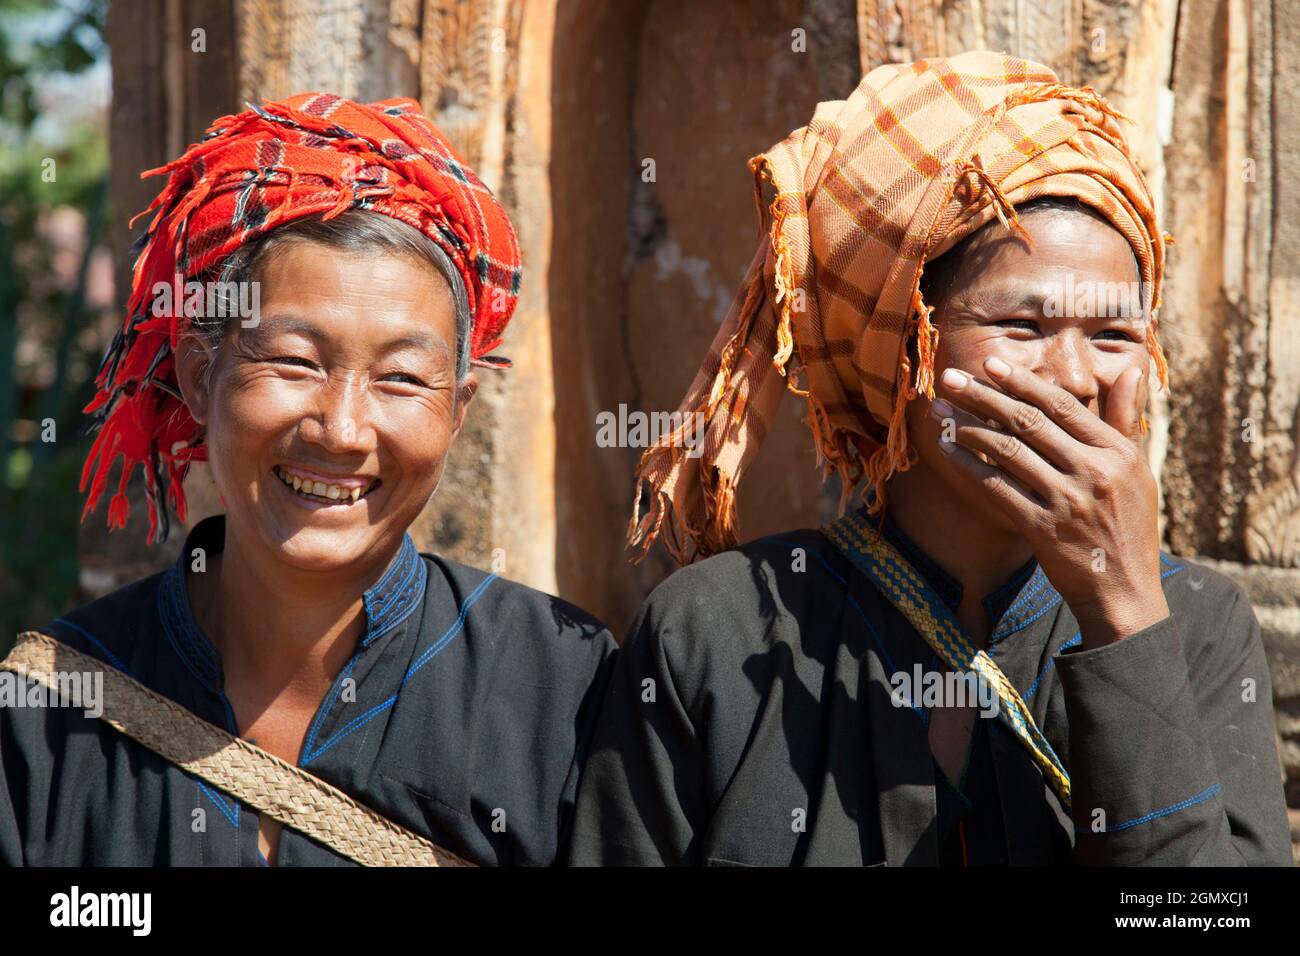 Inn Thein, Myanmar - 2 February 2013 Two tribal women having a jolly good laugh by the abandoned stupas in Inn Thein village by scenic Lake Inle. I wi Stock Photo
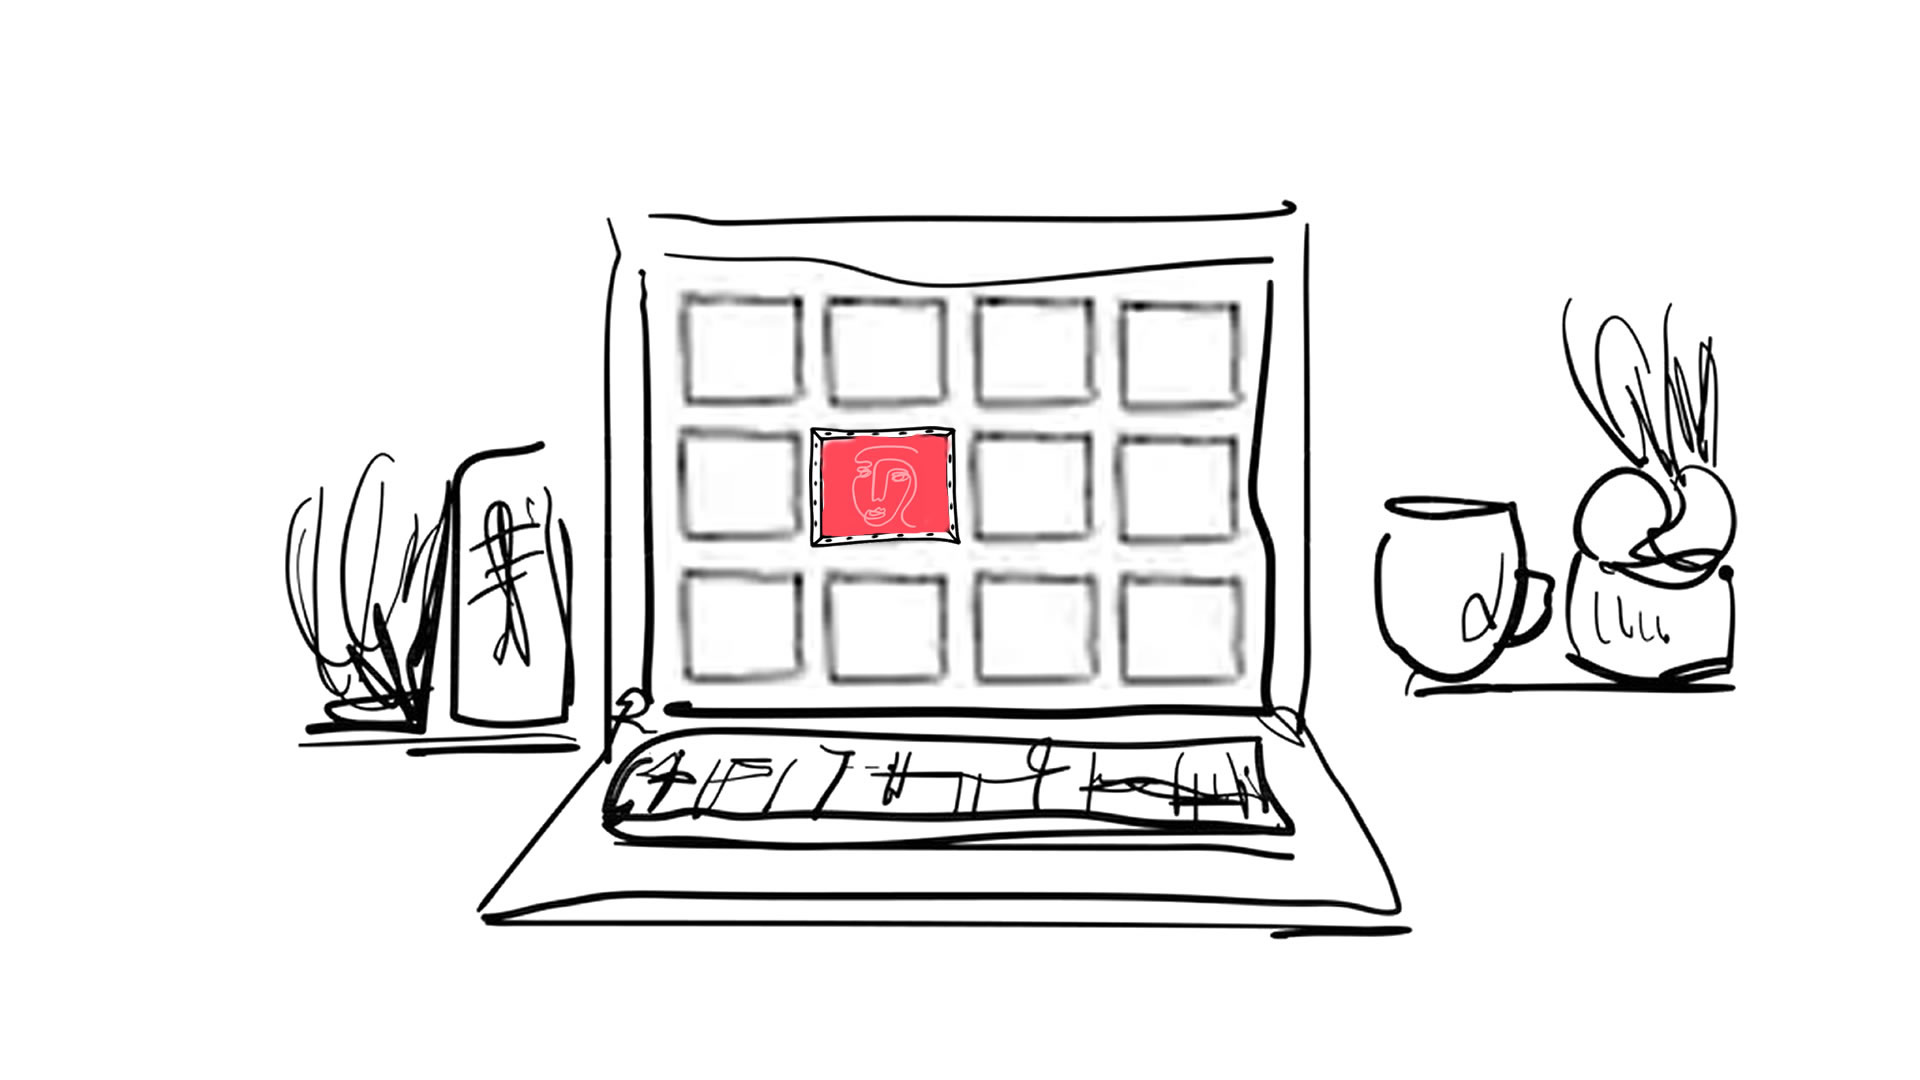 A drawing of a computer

· · · ·

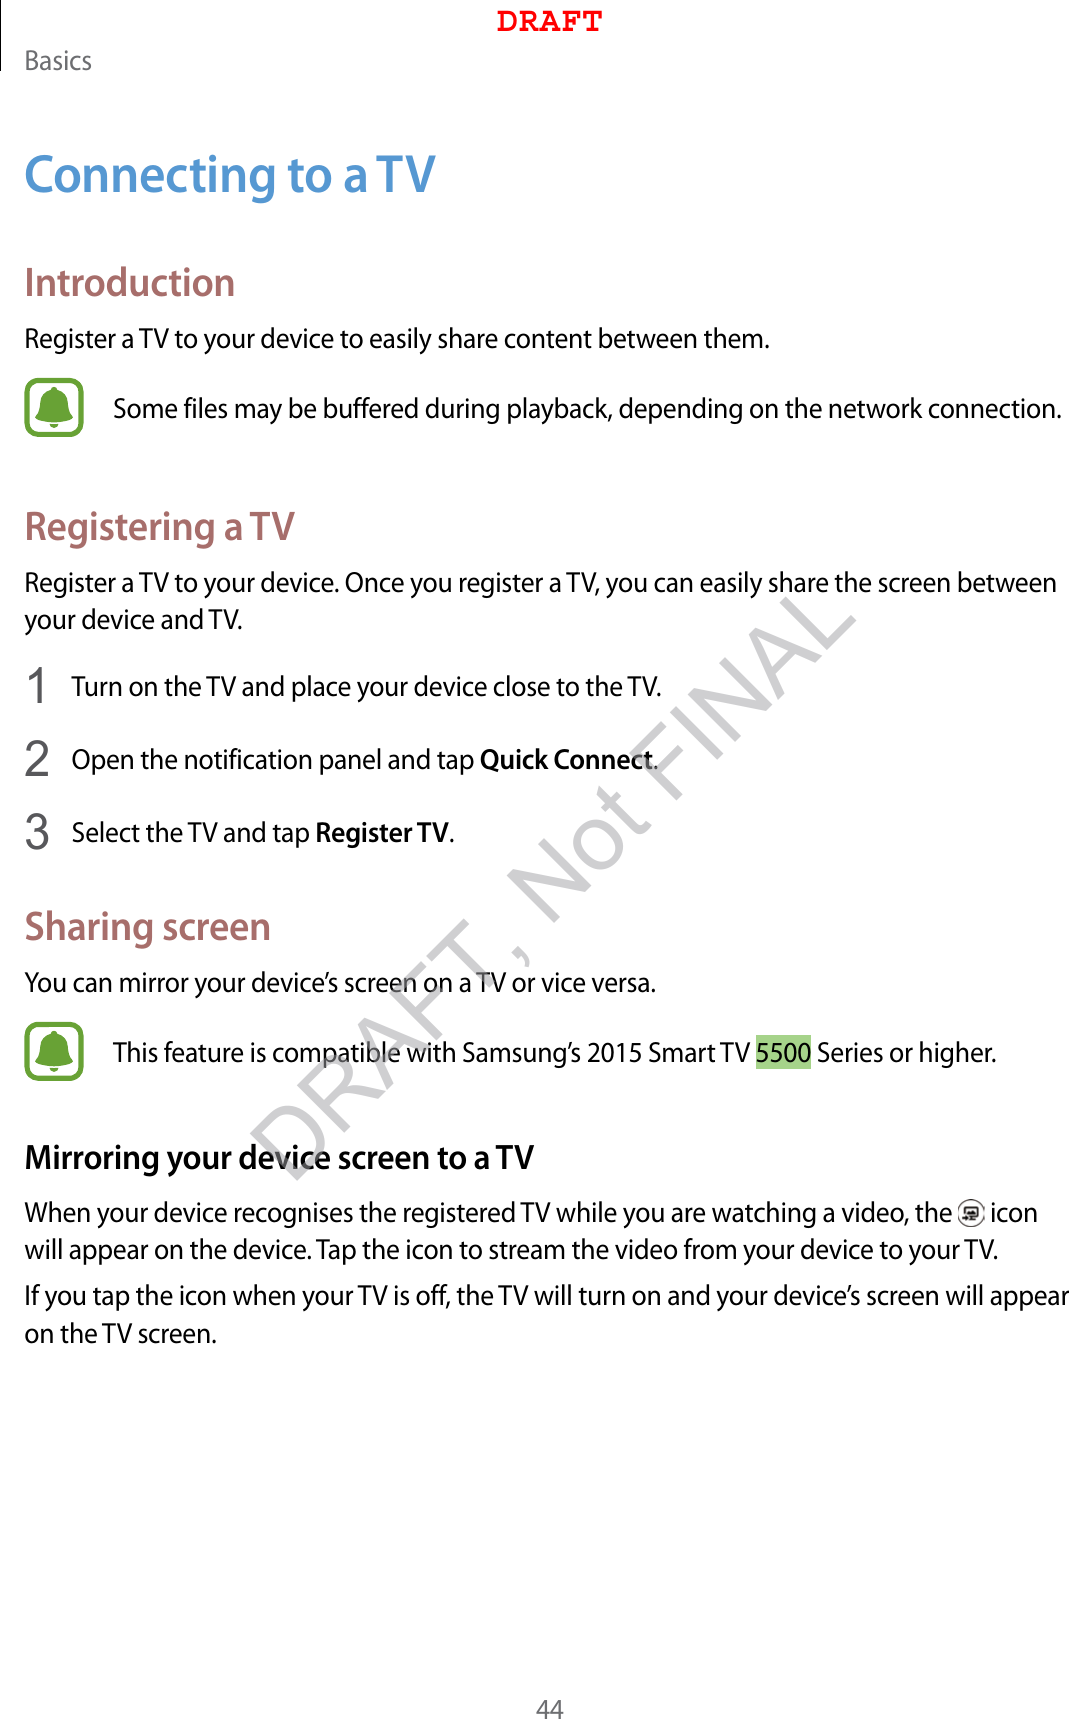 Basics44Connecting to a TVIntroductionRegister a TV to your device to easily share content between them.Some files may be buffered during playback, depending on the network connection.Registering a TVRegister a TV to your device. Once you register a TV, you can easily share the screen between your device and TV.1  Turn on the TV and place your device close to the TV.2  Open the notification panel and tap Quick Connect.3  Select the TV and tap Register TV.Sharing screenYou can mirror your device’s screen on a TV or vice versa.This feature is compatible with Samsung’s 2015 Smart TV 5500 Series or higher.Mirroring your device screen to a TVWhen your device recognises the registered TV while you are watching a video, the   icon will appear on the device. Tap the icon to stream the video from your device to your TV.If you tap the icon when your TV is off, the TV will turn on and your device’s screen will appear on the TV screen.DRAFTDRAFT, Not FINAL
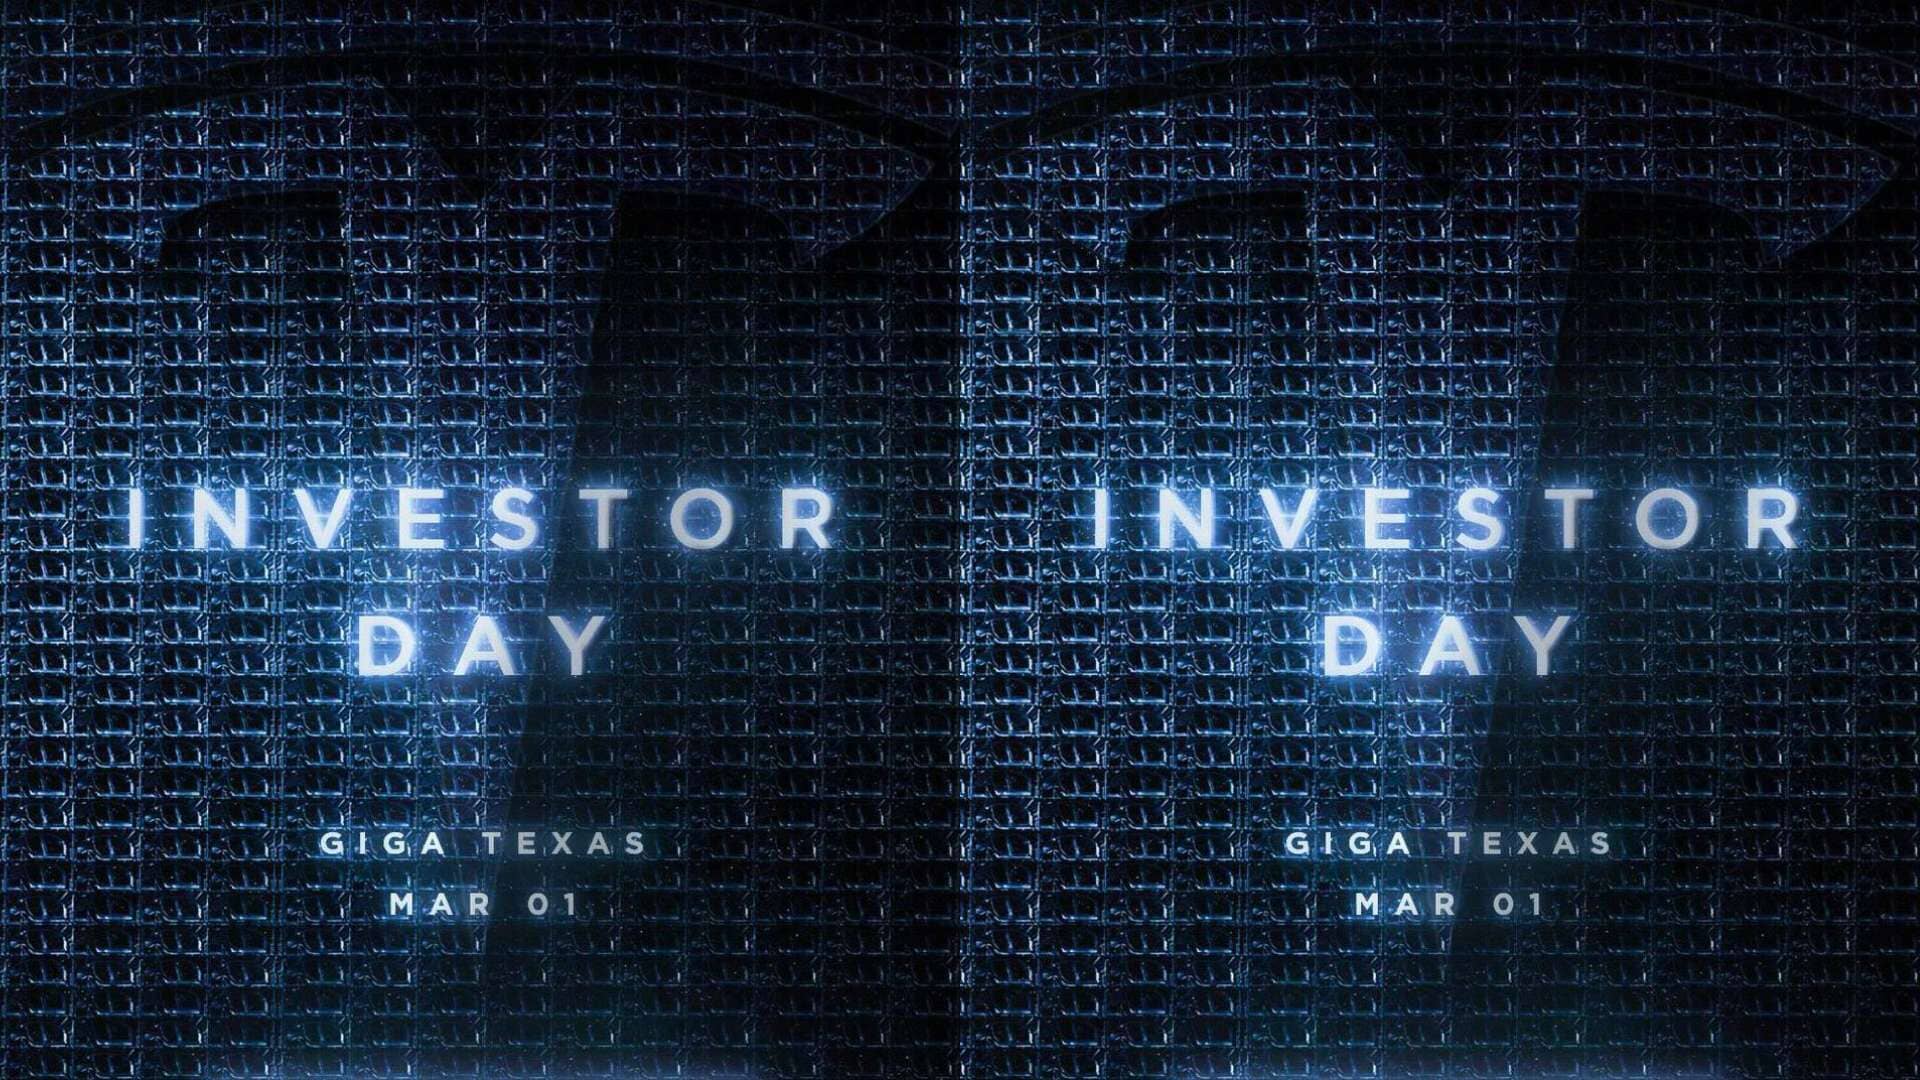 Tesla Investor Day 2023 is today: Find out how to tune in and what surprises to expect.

· · · ·

- _WHAT IS EXPECTED_
In the records above, find the line with "Inn Thein, Myanmar". Print exactly from there through the line with "A drawing of a computer", minus the pictures.

- _ANSWER SPACE_
 Inn Thein, Myanmar - 2 February 2013 Two tribal women having a jolly good laugh by the abandoned stupas in Inn Thein village by scenic Lake Inle. I wi Stock Photo
 A drawing of a computer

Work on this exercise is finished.